Using Gene Ontology  terms, we also determined that genes involved in acquired immunity, innate immunity, or olfaction are significantly overrepresented (p < 0.001) within human CNVs, along with genes encoding integral membrane proteins. Genes encoding intracellular proteins are significantly underrepresented (see Table 2).
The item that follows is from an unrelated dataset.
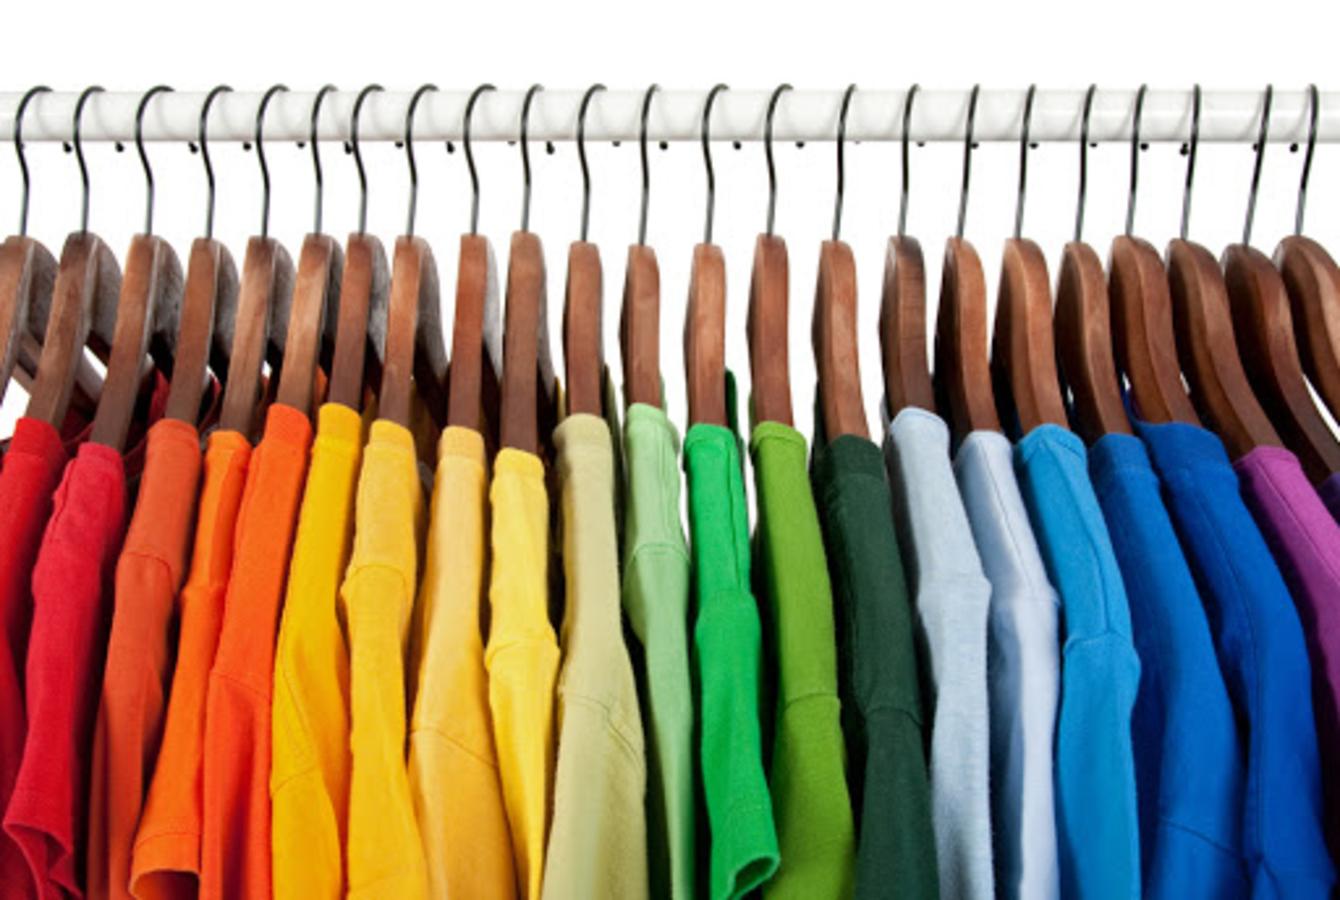 ¿Quieres saber qué dicen los colores de tu outfit?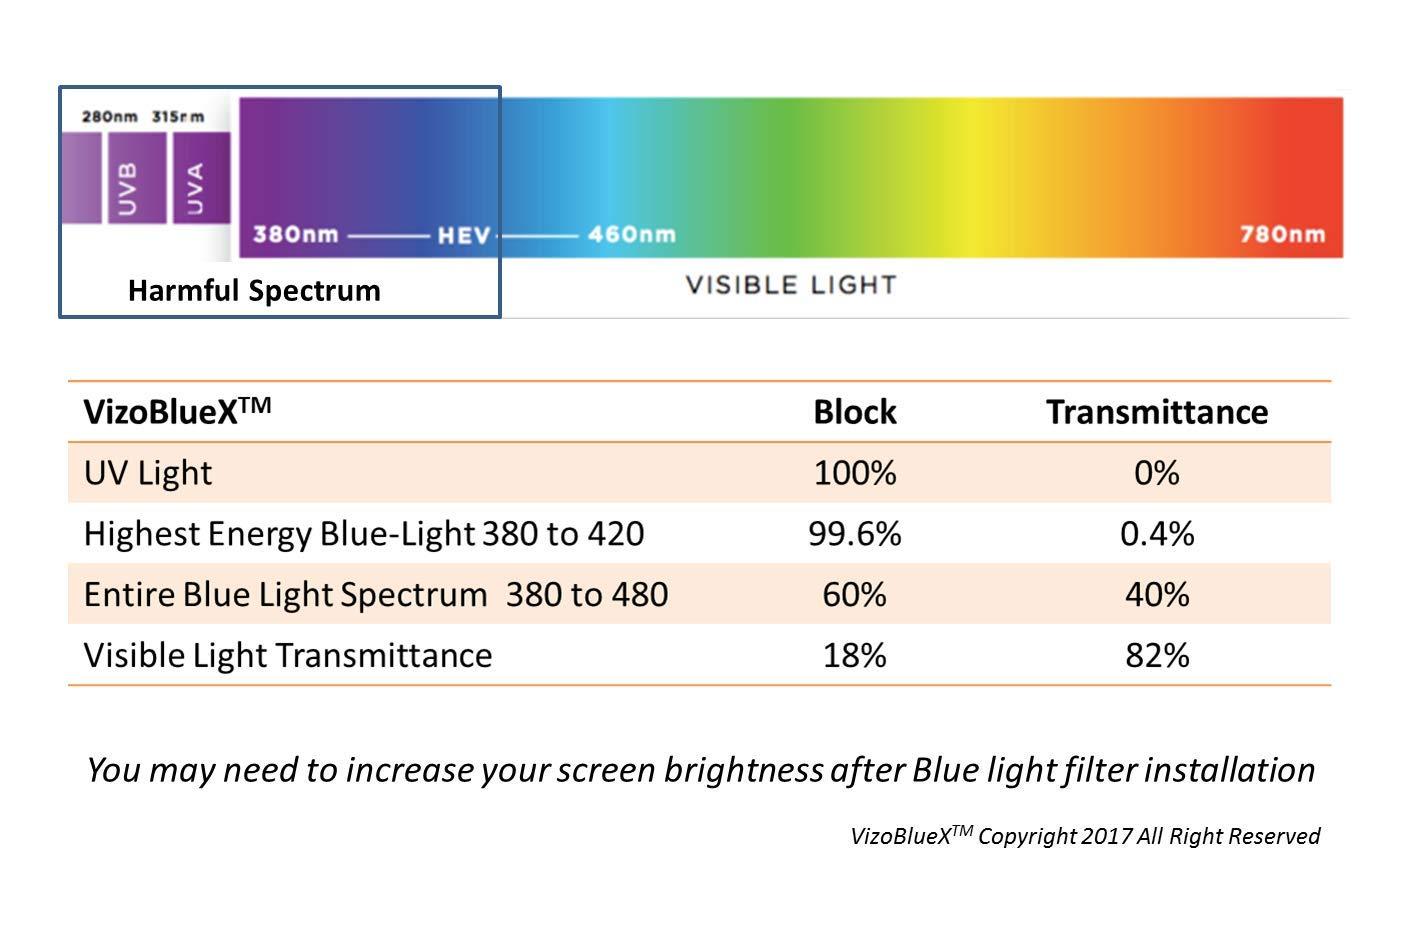 23 - 24 pulgadas VizoBlueX Anti Luz Azul filtro para monitor de computadora. Panel de protección de la pantalla de luz azul de la computadora (54.5 X 33 cm) ...

Statistically Significant (p < 10−3) Over- or Under-Representation of Gene Ontology (GO) Categories in Human CNVs
These findings broadly correspond with expectations from Wright's physiological theory  that duplications of haploinsufficient genes improve fitness through selection on increased dosage effects. Haploinsufficient genes are known to be more likely involved in cellular regulation and structure, signal transduction, and various binding functions than are haplosufficient genes . Notwithstanding the underrepresentation of binding proteins, it is notable that several GO terms relating to these functions (for example, intermediate filament, signal transduction, and transmembrane receptors) are overrepresented among CNV genes.
Previous comparisons of mammalian sequences indicate that genes whose functional categories we find to be overrepresented in CNVs (Table 2) frequently have duplicated and/or evolved adaptively, due to competition between individuals or between host and parasite or pathogen [12,31,32]. We can interpret these results (see Discussion) as being consistent with positive selection having acted on some CNV genes within the history of modern humans (approximately last 100,000 y). If so, we might expect CNV genes, on average, to have also accumulated an unusually high number of amino acid-changing (nonsynonymous) substitutions compared with silent (synonymous) substitutions over a much longer time period, the 75–100 million y that separate the mouse and human from their last common ancestor. In other words, they should exhibit an elevation in the average KA/KS ratio—the number of nonsynonymous substitutions per nonsynonymous site (KA) relative to the number of synonymous substitutions per synonymous site (KS) —calculated between human and mouse 1:1 orthologues. (Note that only 1:1 orthologues were analysed in order to ensure that lineage-specific paralogues, which often increase their evolutionary rates following duplication , do not contribute to the KA/KS distribution.) Indeed, this is the case. Human CNV genes possess, on average, significantly (p = 1.7 × 10−2) higher KA/KS ratios than those of all 1:1 orthologue pairs (Figure 2). This finding demonstrates that a typical human CNV gene product and its mouse 1:1 orthologue have, on average, diverged unusually rapidly since their common ancestor.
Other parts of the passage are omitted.